What is needed: Of the entries below, return only those lines from the line with "Main Branch: Annie" to the line with "Color Palette: Explore", exactly, both included.

Given data:
================================

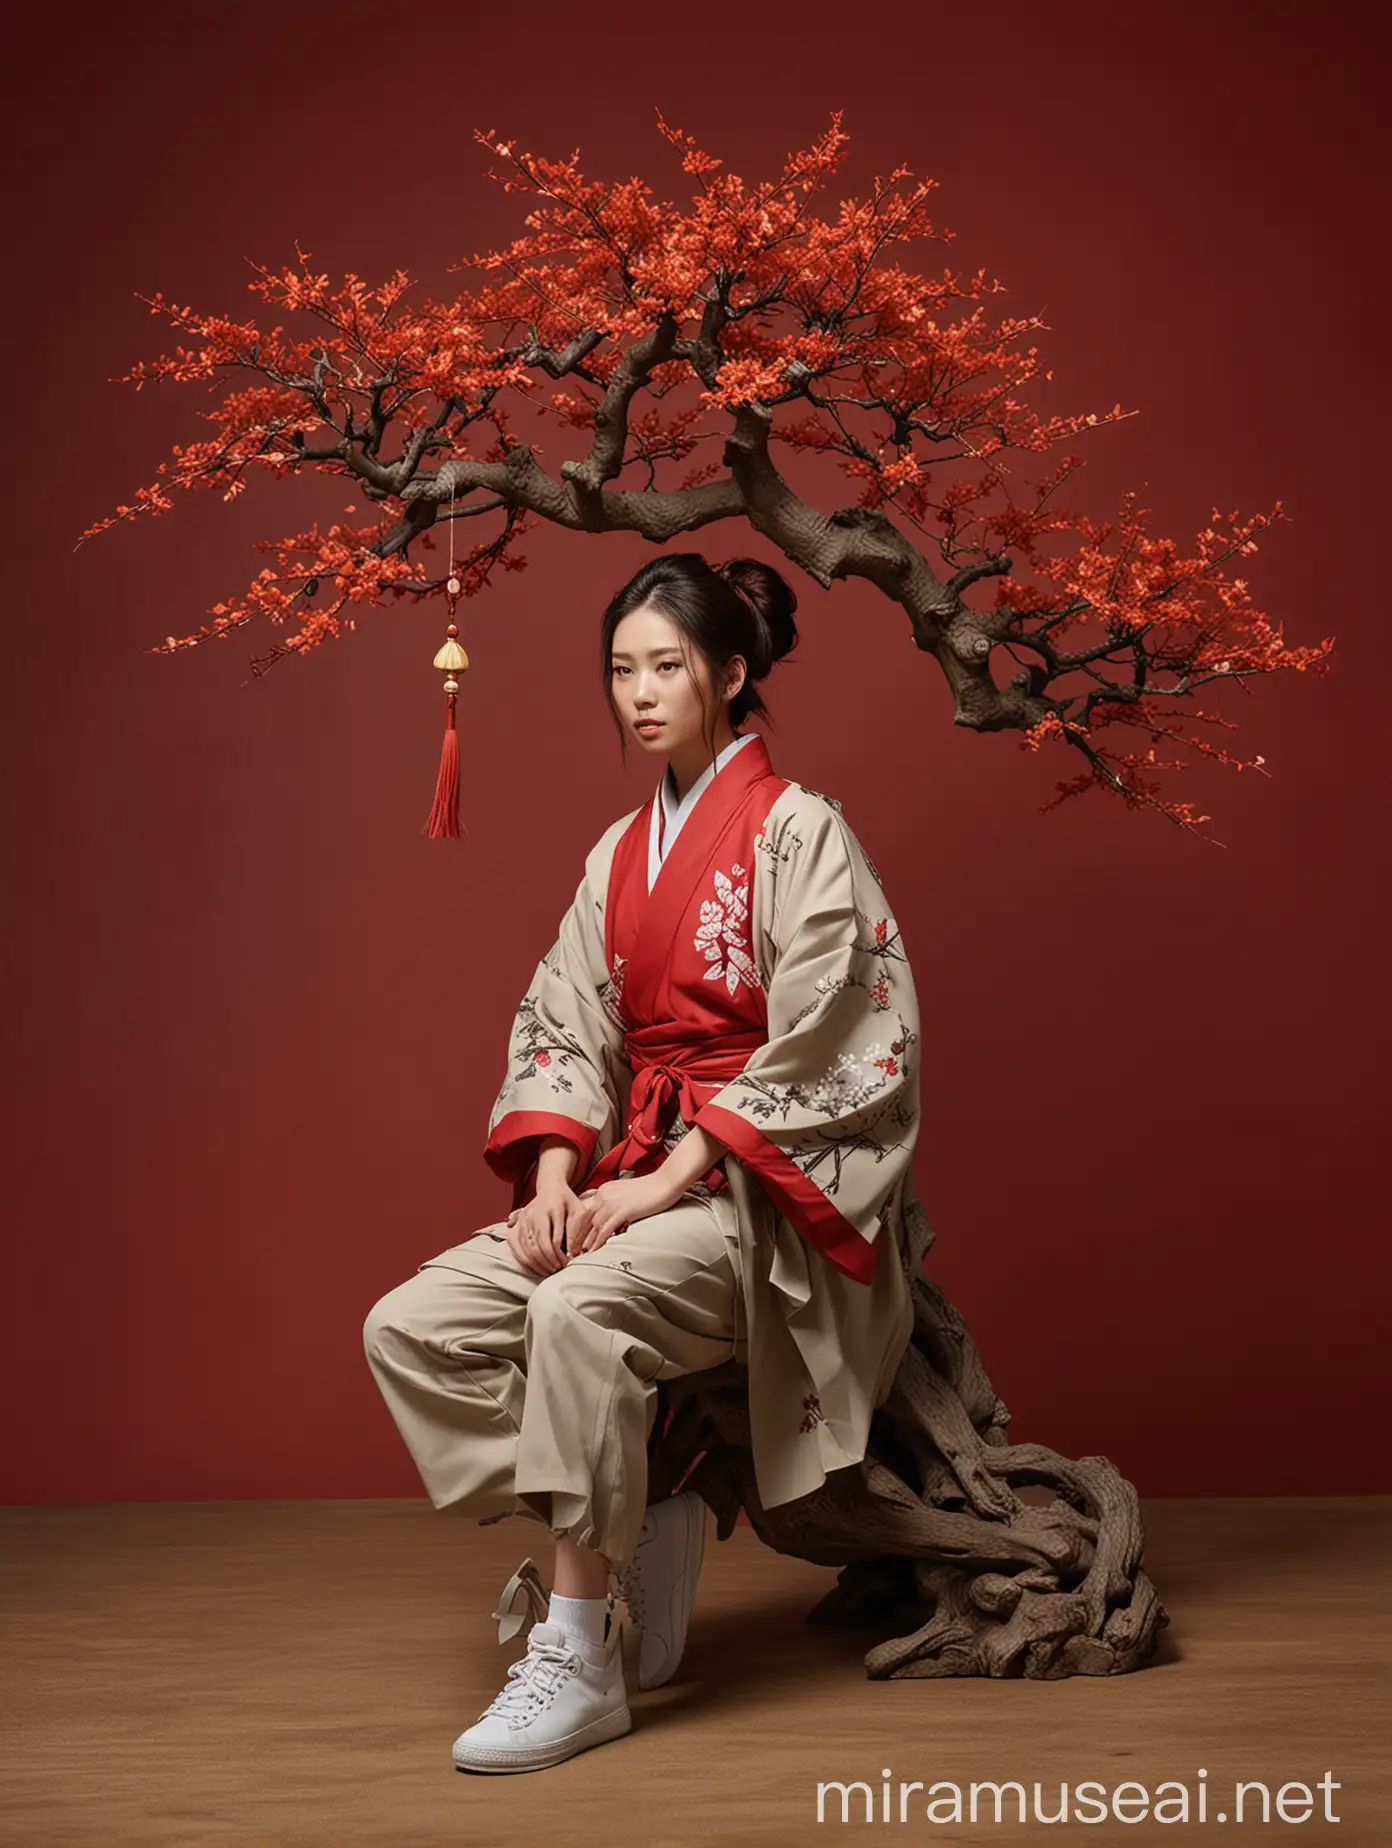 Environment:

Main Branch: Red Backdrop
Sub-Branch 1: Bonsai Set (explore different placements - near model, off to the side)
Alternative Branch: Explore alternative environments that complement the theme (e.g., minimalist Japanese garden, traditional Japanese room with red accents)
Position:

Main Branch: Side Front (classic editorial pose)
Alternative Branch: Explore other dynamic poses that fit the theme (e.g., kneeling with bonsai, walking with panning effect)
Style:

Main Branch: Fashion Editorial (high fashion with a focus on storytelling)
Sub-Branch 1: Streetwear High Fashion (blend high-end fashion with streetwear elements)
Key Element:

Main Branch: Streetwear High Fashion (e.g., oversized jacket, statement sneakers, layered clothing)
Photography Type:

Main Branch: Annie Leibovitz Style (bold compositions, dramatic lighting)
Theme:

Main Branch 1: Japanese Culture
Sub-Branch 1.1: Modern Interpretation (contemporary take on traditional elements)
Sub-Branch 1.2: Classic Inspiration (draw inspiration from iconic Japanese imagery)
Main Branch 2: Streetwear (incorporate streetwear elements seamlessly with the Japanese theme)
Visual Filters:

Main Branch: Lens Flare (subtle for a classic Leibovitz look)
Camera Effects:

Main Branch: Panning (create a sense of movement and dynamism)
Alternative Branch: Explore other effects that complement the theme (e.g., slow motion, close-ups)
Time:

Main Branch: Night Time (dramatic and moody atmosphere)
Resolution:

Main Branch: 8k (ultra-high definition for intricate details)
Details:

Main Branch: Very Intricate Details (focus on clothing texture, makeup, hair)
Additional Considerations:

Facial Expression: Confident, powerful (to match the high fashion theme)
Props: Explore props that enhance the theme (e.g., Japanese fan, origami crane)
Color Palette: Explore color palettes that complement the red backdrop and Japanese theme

================================

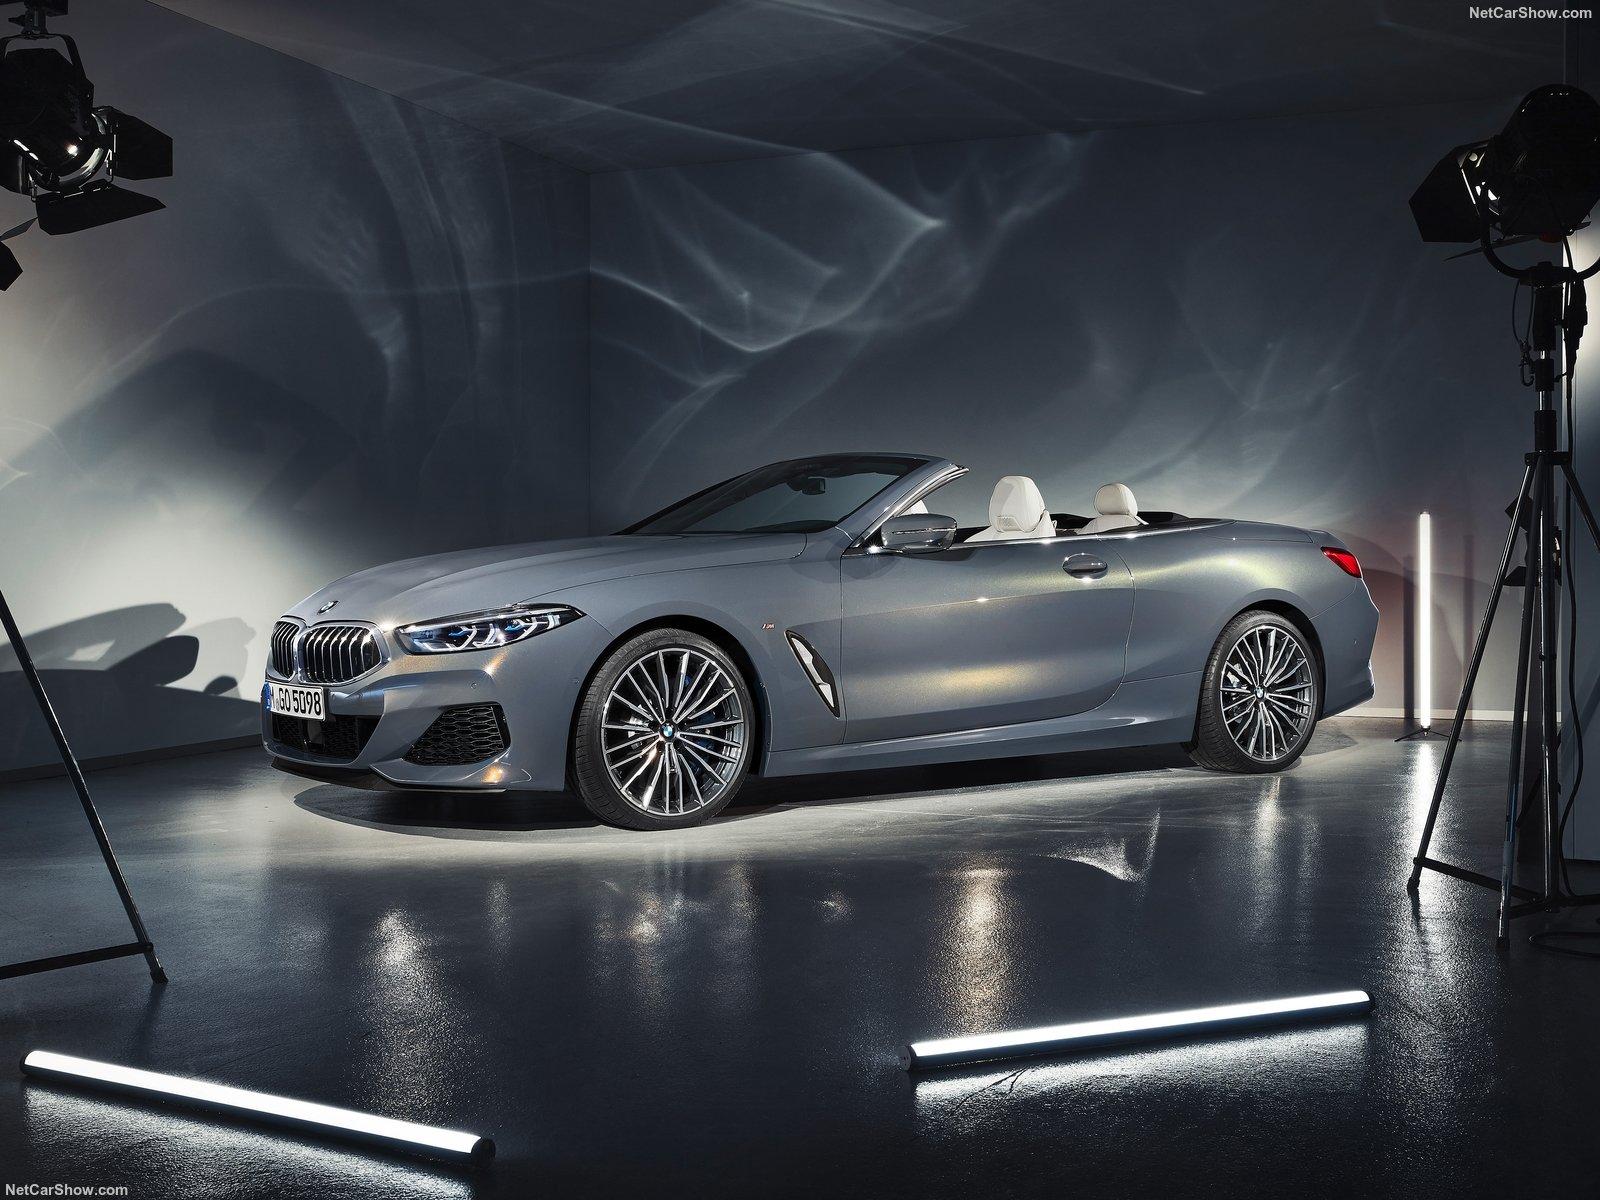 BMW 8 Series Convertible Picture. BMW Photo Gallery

================================

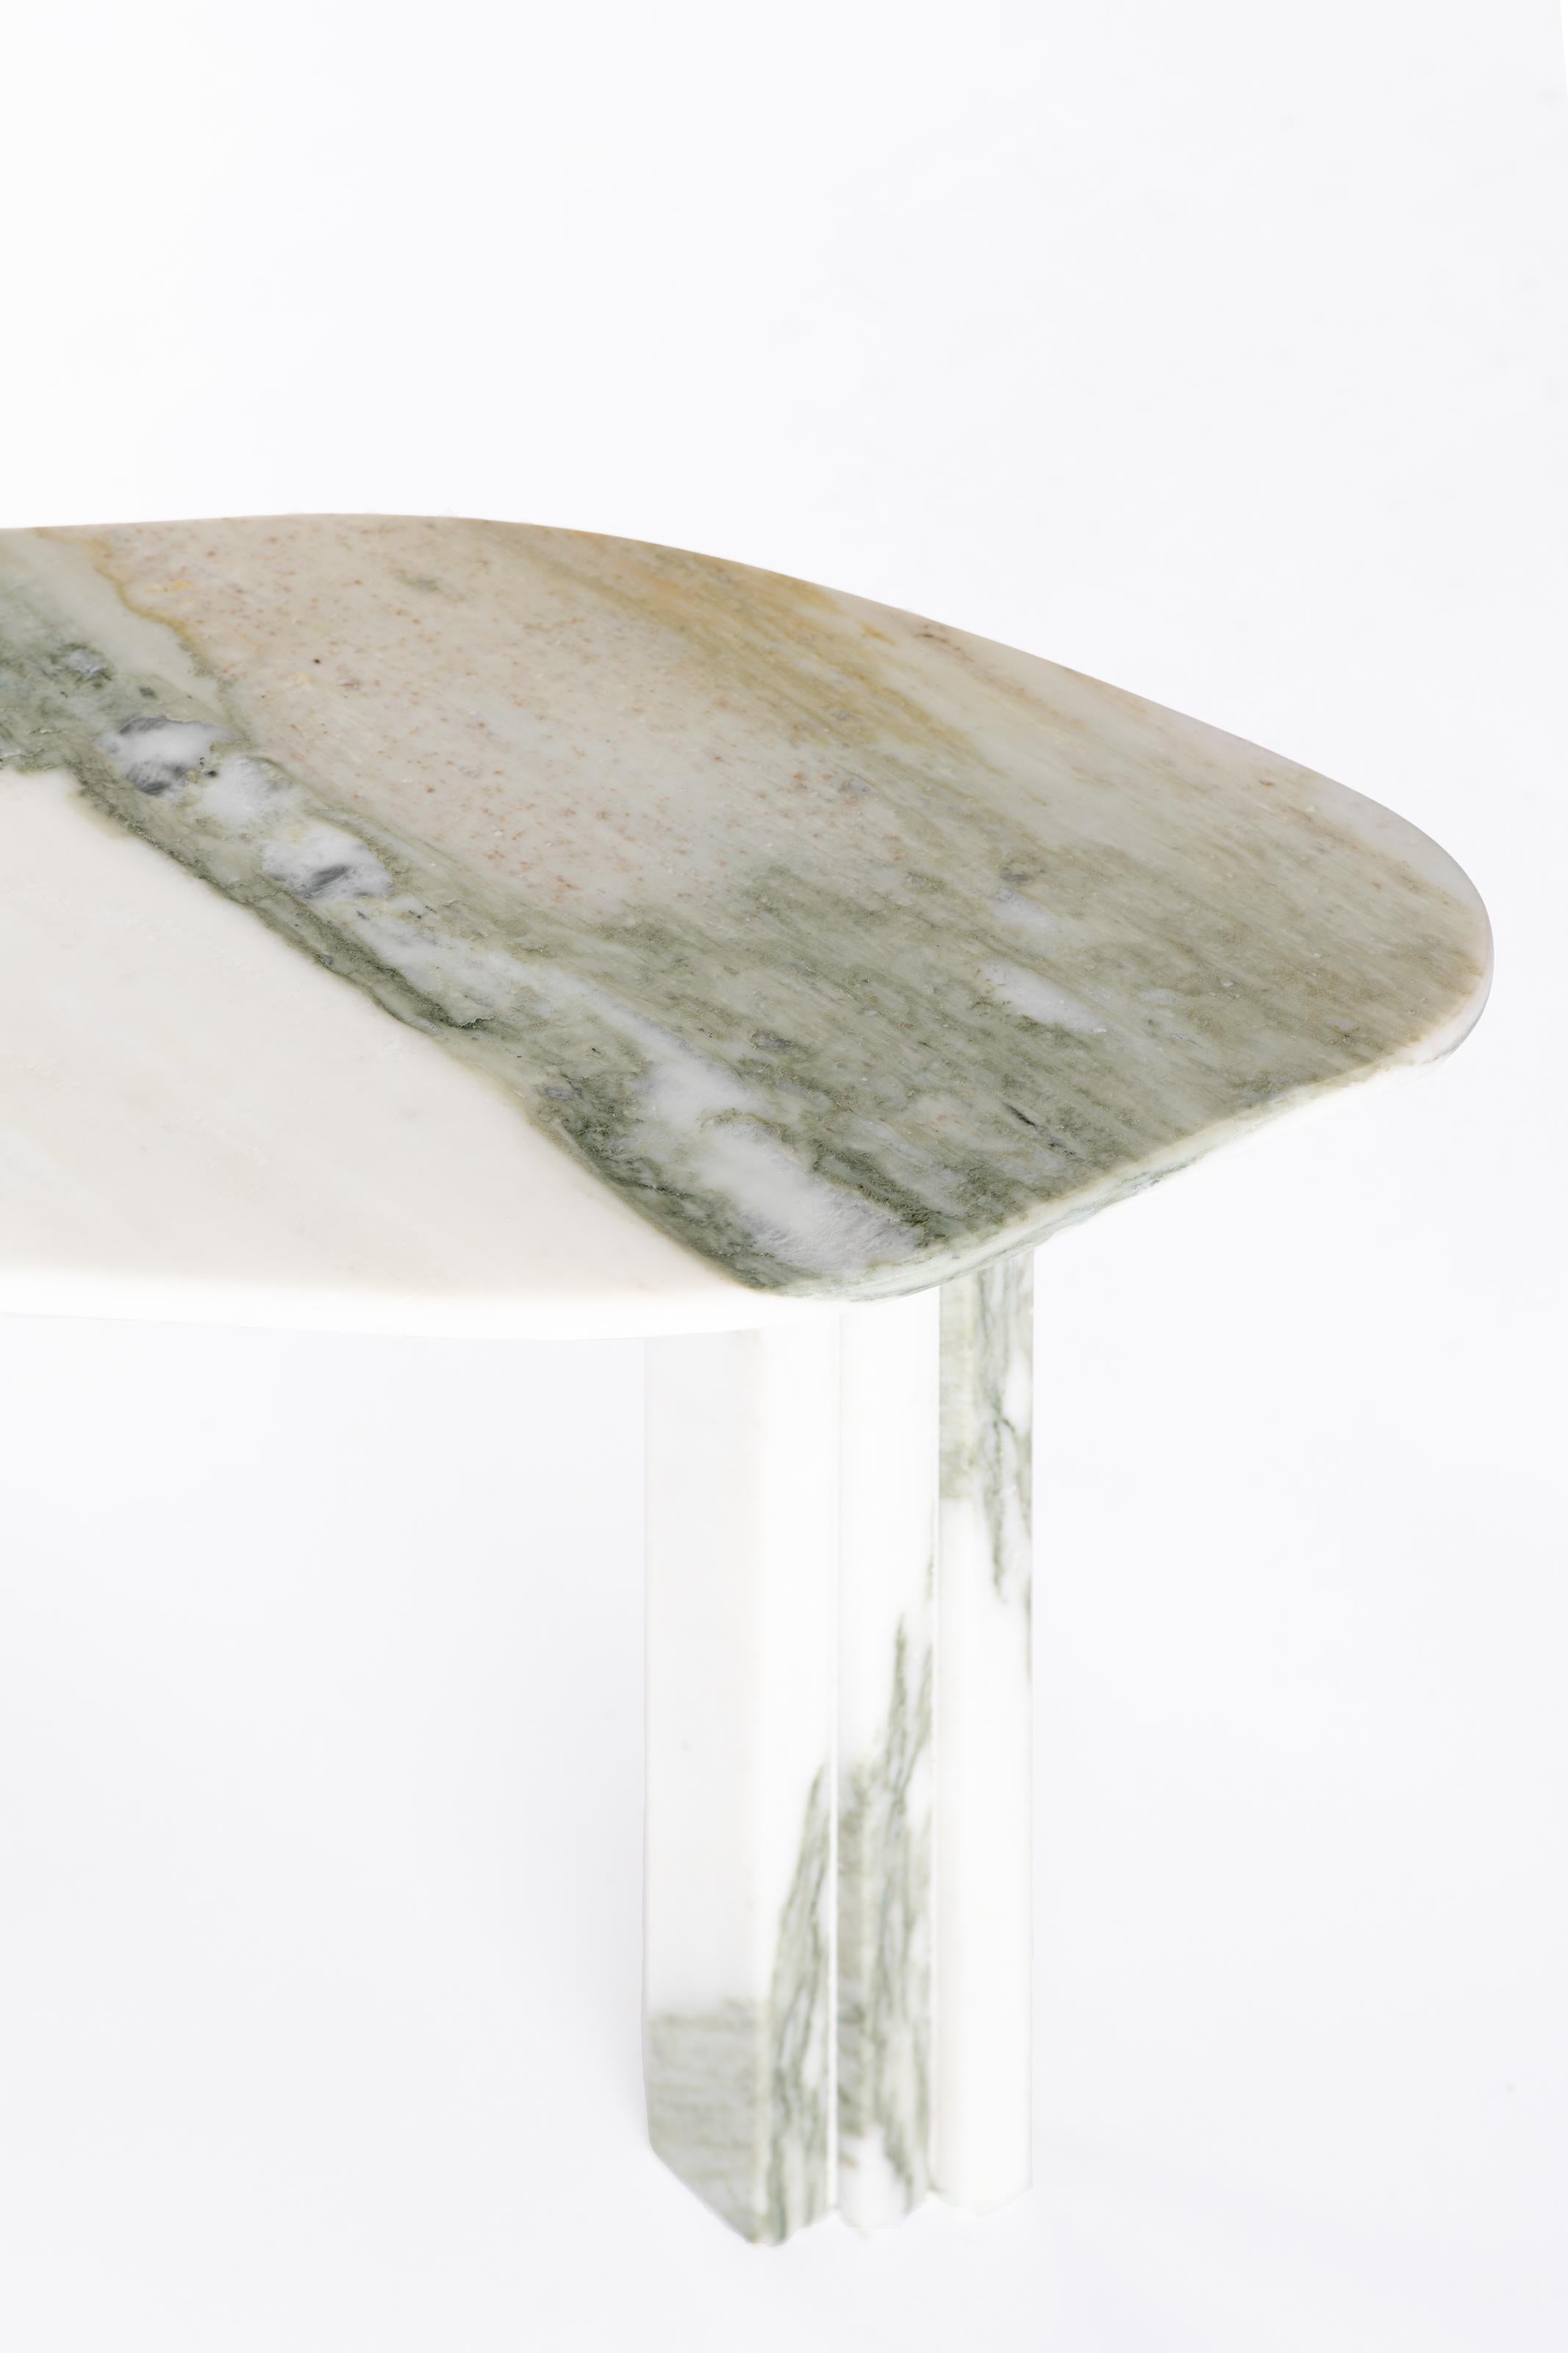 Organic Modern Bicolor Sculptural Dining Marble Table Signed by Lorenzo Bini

================================

Exercise response:
Main Branch: Annie Leibovitz Style (bold compositions, dramatic lighting)
Theme:

Main Branch 1: Japanese Culture
Sub-Branch 1.1: Modern Interpretation (contemporary take on traditional elements)
Sub-Branch 1.2: Classic Inspiration (draw inspiration from iconic Japanese imagery)
Main Branch 2: Streetwear (incorporate streetwear elements seamlessly with the Japanese theme)
Visual Filters:

Main Branch: Lens Flare (subtle for a classic Leibovitz look)
Camera Effects:

Main Branch: Panning (create a sense of movement and dynamism)
Alternative Branch: Explore other effects that complement the theme (e.g., slow motion, close-ups)
Time:

Main Branch: Night Time (dramatic and moody atmosphere)
Resolution:

Main Branch: 8k (ultra-high definition for intricate details)
Details:

Main Branch: Very Intricate Details (focus on clothing texture, makeup, hair)
Additional Considerations:

Facial Expression: Confident, powerful (to match the high fashion theme)
Props: Explore props that enhance the theme (e.g., Japanese fan, origami crane)
Color Palette: Explore color palettes that complement the red backdrop and Japanese theme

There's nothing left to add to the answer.